In 1930, rancher Warren H. Monfort made an important discovery. He found that by fattening his cattle on cheap, surplus corn, he could sell them whenever beef prices were high, rather than only in the early autumn, when most ranchers shipped their cattle to the slaughterhouse. Plus, Monfort’s corn-fed herd produced fatty, tender beef that – unlike the rest of the grass- and hay-fed cattle population – didn’t need aging.
What Monfort didn’t realize at the time is that corn makes cattle sick. Really sick. It acidifies their rumin, imbalances their blood sugar, and then leaves them malnourished and vulnerable to a host of diseases.

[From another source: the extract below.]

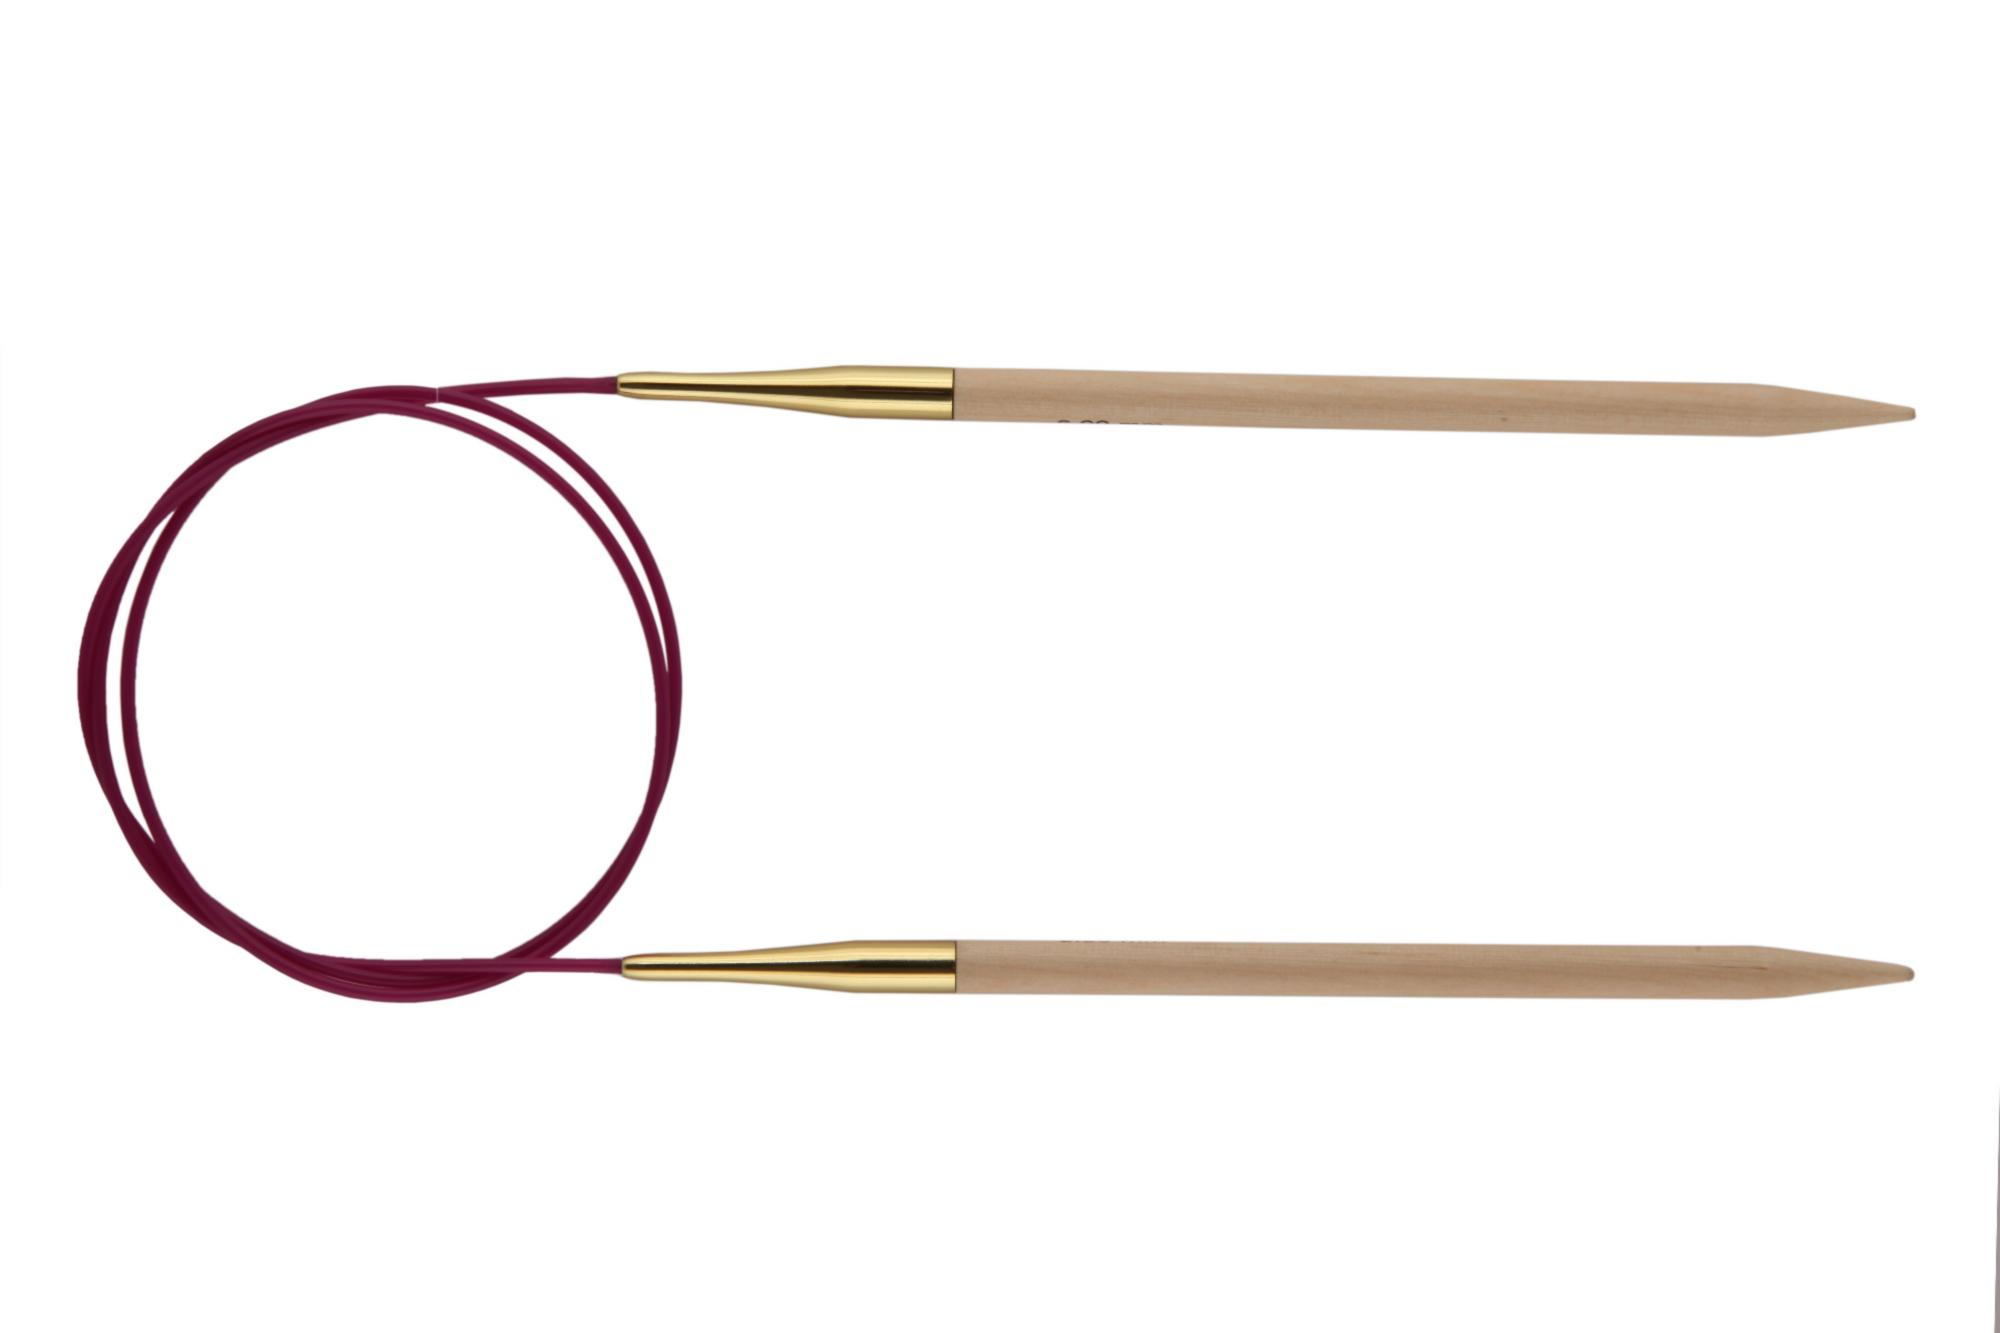 Спицы круговые 120 см Basix Birch Wood KnitPro, 35404, 4.00 мм

“These cattle are on the edge of death – they’re obese; they’re insulin-resistant. It’s all the vets can do to keep these animals alive for the 14 weeks they’re sequestered in feedlots before they’re slaughtered,” says Loren Cordain, PhD, a Colorado State University health and exercise science professor and author of The Paleo Diet (John Wiley & Sons, 2002). What really troubles Cordain is that most Americans are eating a similarly modernized and homogenous diet of convenience – lots of grains, lots of processed foods. And as a result, we suffer from many of the same health problems that plague feedlot animals: obesity, cardiovascular disease, diabetes and cancer.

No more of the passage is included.